> _Dataset section_:
------------

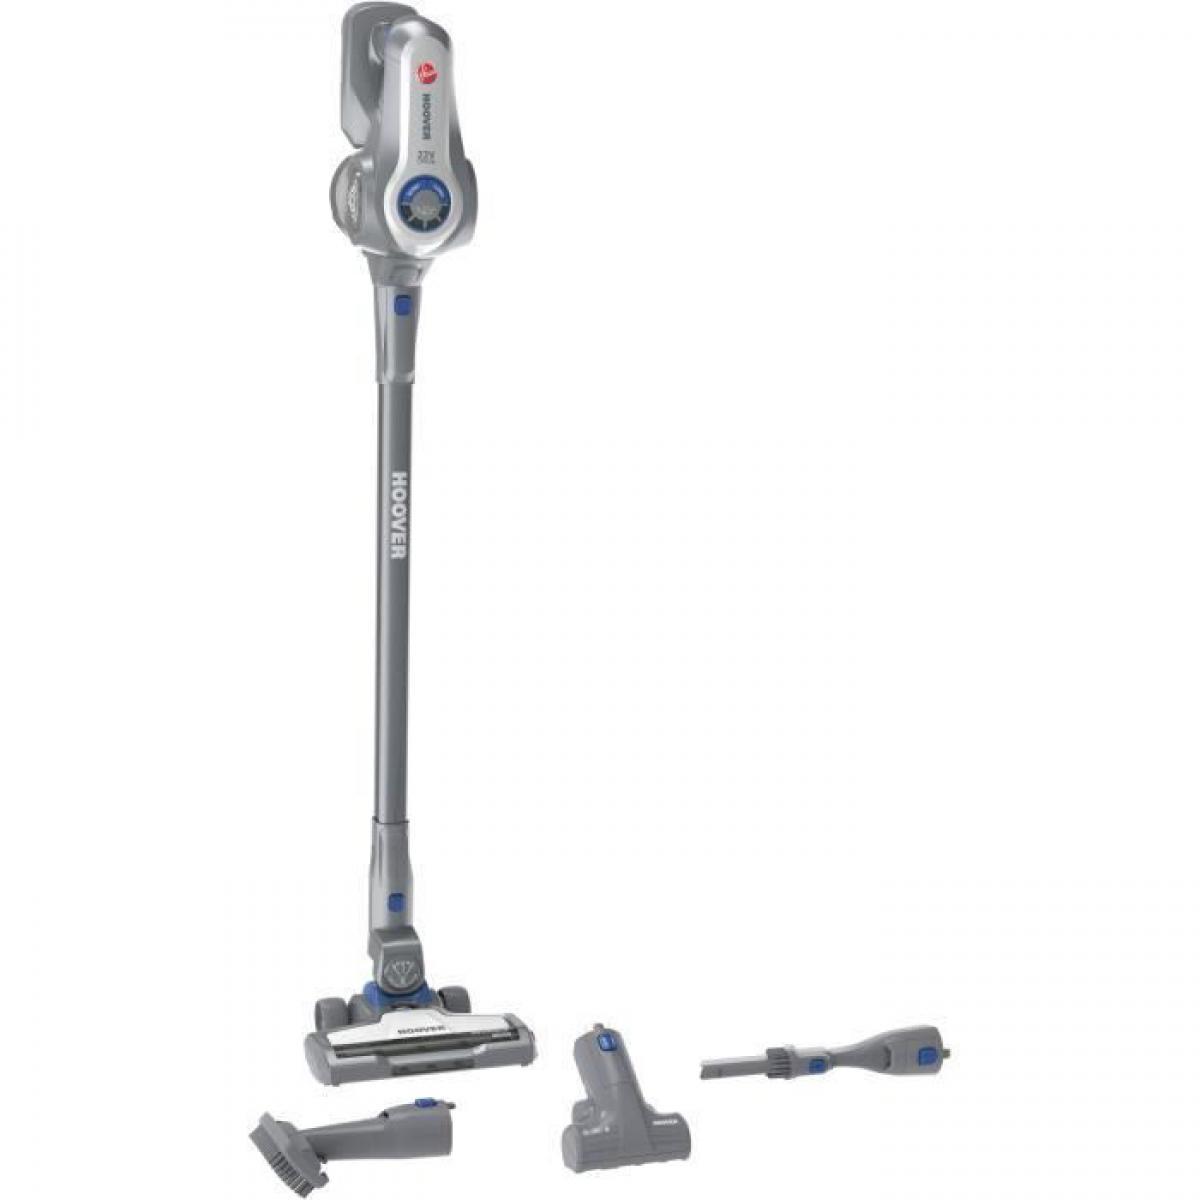 Hoover HOOVER HF722PTLG Aspirateur balai sans sac multi-fonctions - Leger et maniable - 22 V Lithium - Accessoire special anima
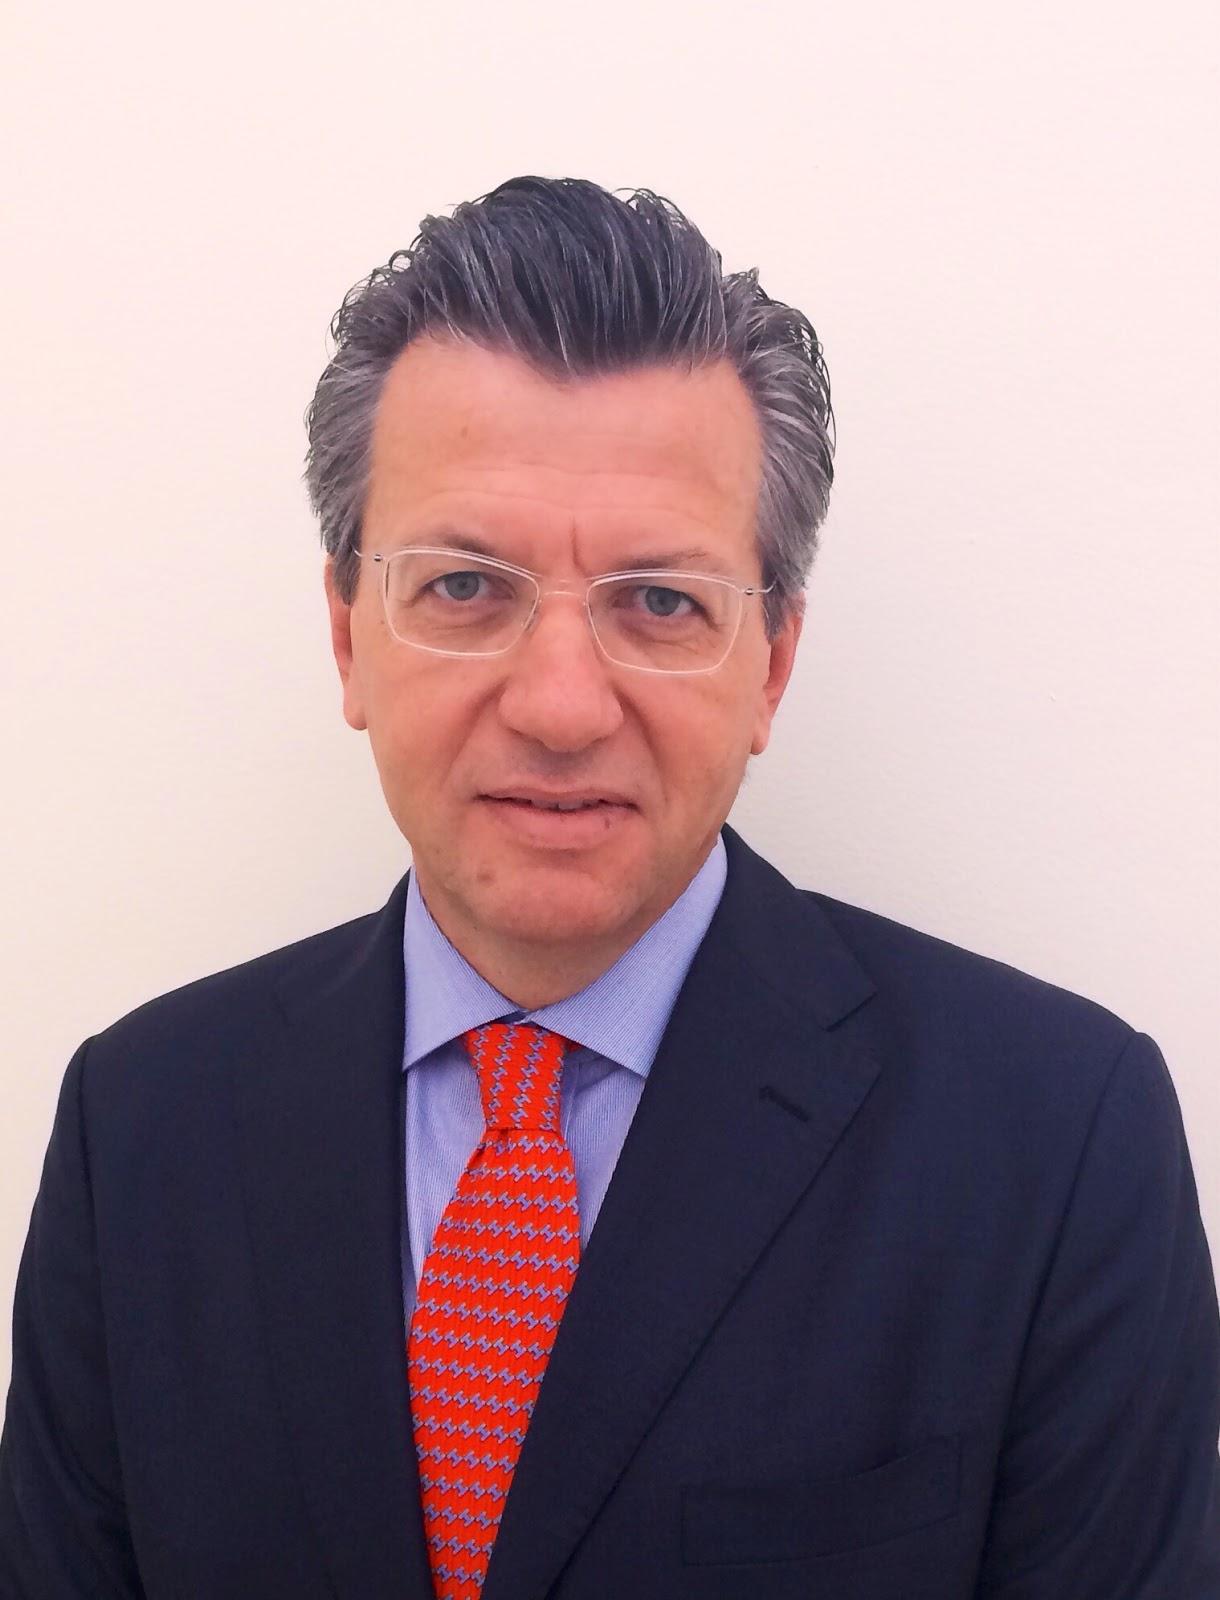 Nassos2BKravvaritis Ο Νάσος Κραββαρίτης νέος διευθυντής Marketing στην Κia Hellas Kia, αντιπροσωπείες, ειδήσεις
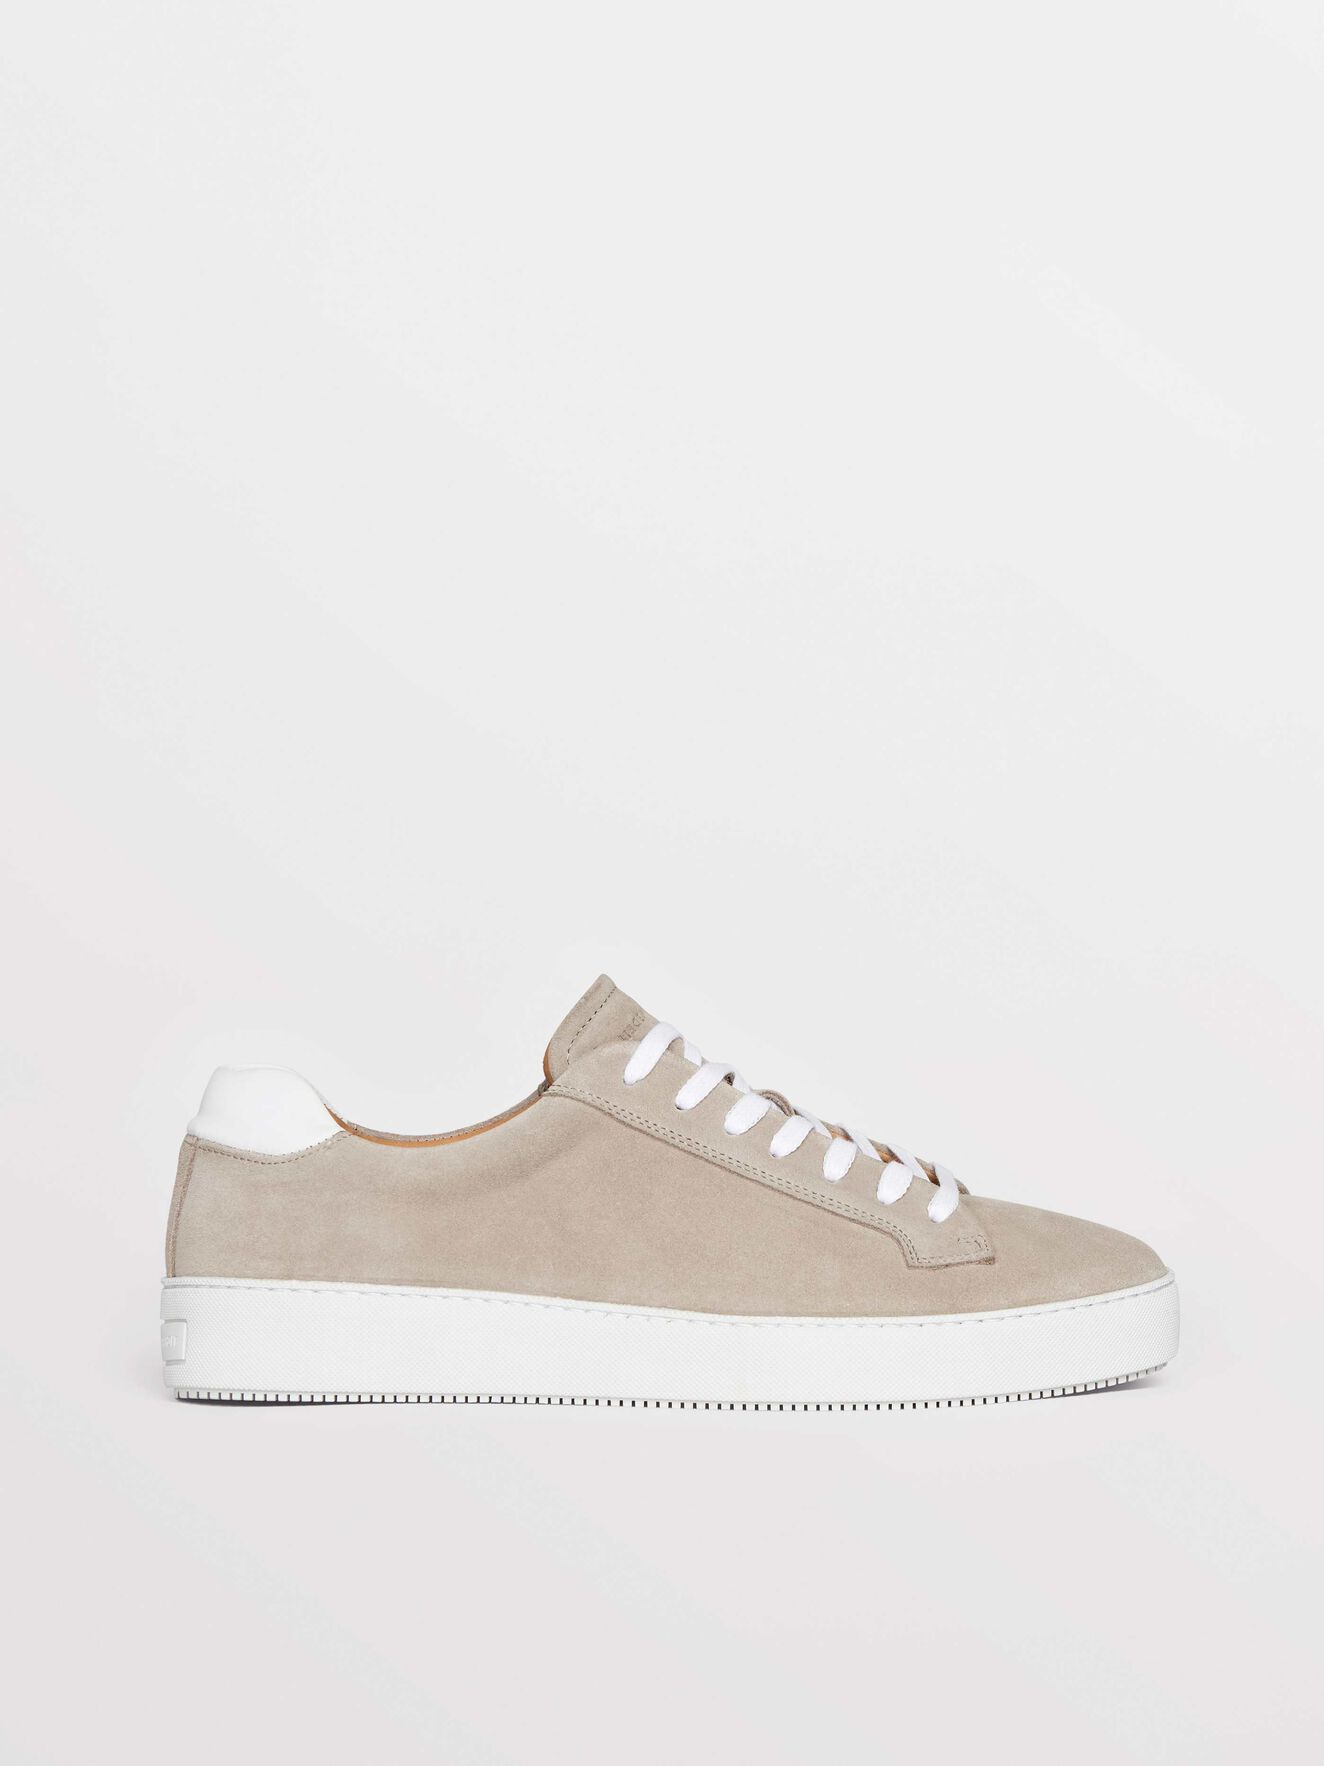 9592605c97b4 Salas S Sneakers in Tehina from Tiger of Sweden

------------

> _Your task_:
Reproduce the data exactly, please, and omit its pictures.

> _Answer section_:
 Hoover HOOVER HF722PTLG Aspirateur balai sans sac multi-fonctions - Leger et maniable - 22 V Lithium - Accessoire special anima
 Nassos2BKravvaritis Ο Νάσος Κραββαρίτης νέος διευθυντής Marketing στην Κia Hellas Kia, αντιπροσωπείες, ειδήσεις
 9592605c97b4 Salas S Sneakers in Tehina from Tiger of Sweden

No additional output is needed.